Many people are familiar with Abraham Maslow’s “hierarchy of needs,” with self-actualization depicted at the top of a pyramid. Chances are, you learned about it in your introduction to psychology course in college or saw it diagrammed on Facebook (perhaps humorously with "WiFi" or "toilet paper" added to the base of the pyramid).
There are a lot of misconceptions about "Maslow's Pyramid", however. For one, Maslow never actually created a pyramid to represent his hierarchy of needs! Maslow was actually a developmental psychologist at heart and viewed human development as often involving a two-steps forward, one-step-back dynamic, in which we are continually returning to our basic needs to draw strength, learn from our hardships, and work toward greater integration of our whole being.

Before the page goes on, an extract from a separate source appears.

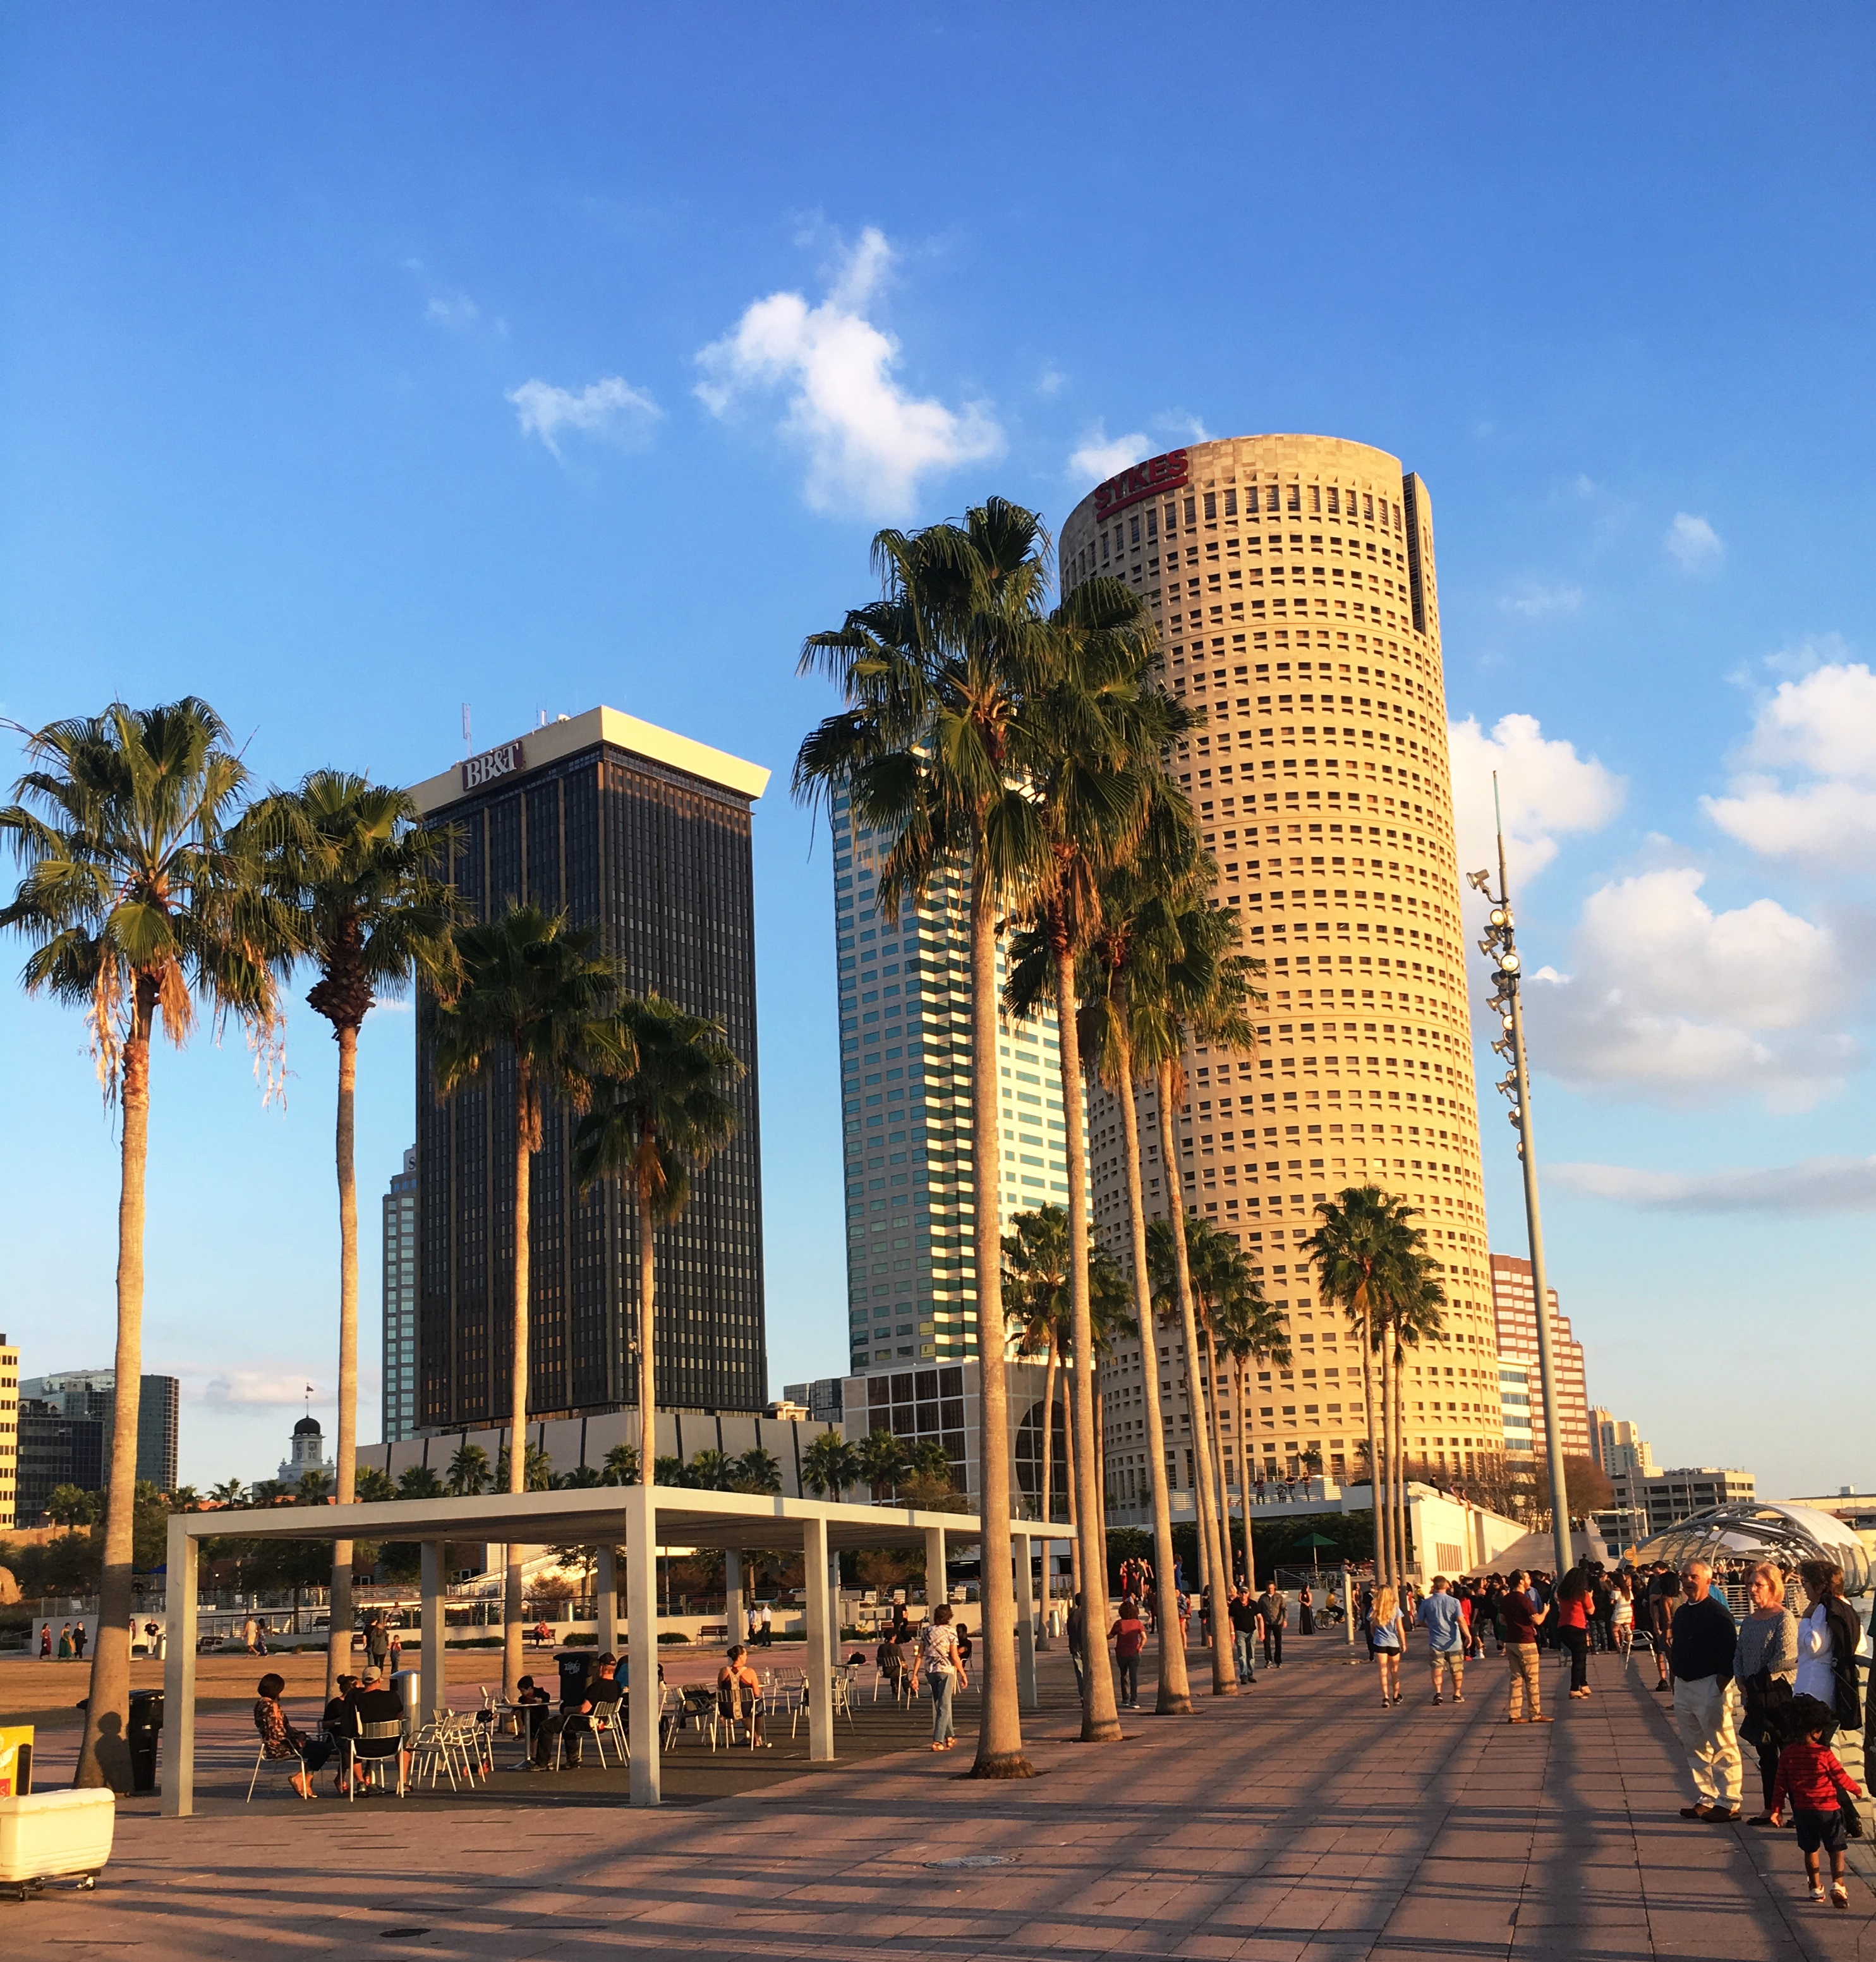 Tampa has a Riverwalk? - Yes, see how beautiful it is

Rather than a lockstep Pyramid, Maslow actually emphasized a different feature of the hierarchy. I believe this framework of human motivation is highly relevant to the uncertain times we are currently living in.
Deficiency vs. Growth
Maslow argued that all the needs can be grouped into two main classes of needs, which must be integrated for wholeness: deficiency and growth. Deficiency needs, which Maslow referred to as “D-needs,” are motivated by a lack of satisfaction, whether it’s the lack of food, safety, affection, belonging, or self-esteem. The “D-realm” of existence colors all of our perceptions and distorts reality, making demands on a person’s whole being: “Feed me! Love me! Respect me!”
The greater the deficiency of these needs, the more we distort reality to fit our expectations and treat others in accordance with their usefulness in helping us satisfy our most deficient needs. In the D-realm, we are also more likely to use a variety of defense mechanisms to protect ourselves from the pain of having such deficiency in our lives. Our defenses are quite “wise” in the sense that they can help us to avoid unbearable pain that can feel like too much to bear at the moment.
Nevertheless, Maslow argued that the growth needs—such as self-actualization and transcendence—have a very different sort of wisdom associated with them. Distinguishing between “defensive-wisdom” and “growth-wisdom,” Maslow argued that the Being-Realm of existence (or B-realm, for short) is like replacing a clouded lens with a clear one. Instead of being driven by fears, anxieties, suspicions, and the constant need to make demands on reality, one is more accepting and loving of oneself and others. Seeing reality more clearly, growth-wisdom is more about “What choices will lead me to greater integration and wholeness?” rather than “How can I defend myself so that I can feel safe and secure?”
From an evolutionary point of view, it makes sense that our safety and security concerns, as well as our desires for short-lived hedonic pleasures, would make greater demands on our attention than our desire to grow as a whole person. As the journalist and author Robert Wright put it in his book Why Buddhism Is True, “The human brain was designed—by natural selection—to mislead us, even enslave us.” All that our genes “care” about is getting propagated into the next generation, no matter the cost to the development of the whole person. If this involves narrowing our worldview and causing us to have outsize reactions to the world that aren’t actually in line with reality, so be it.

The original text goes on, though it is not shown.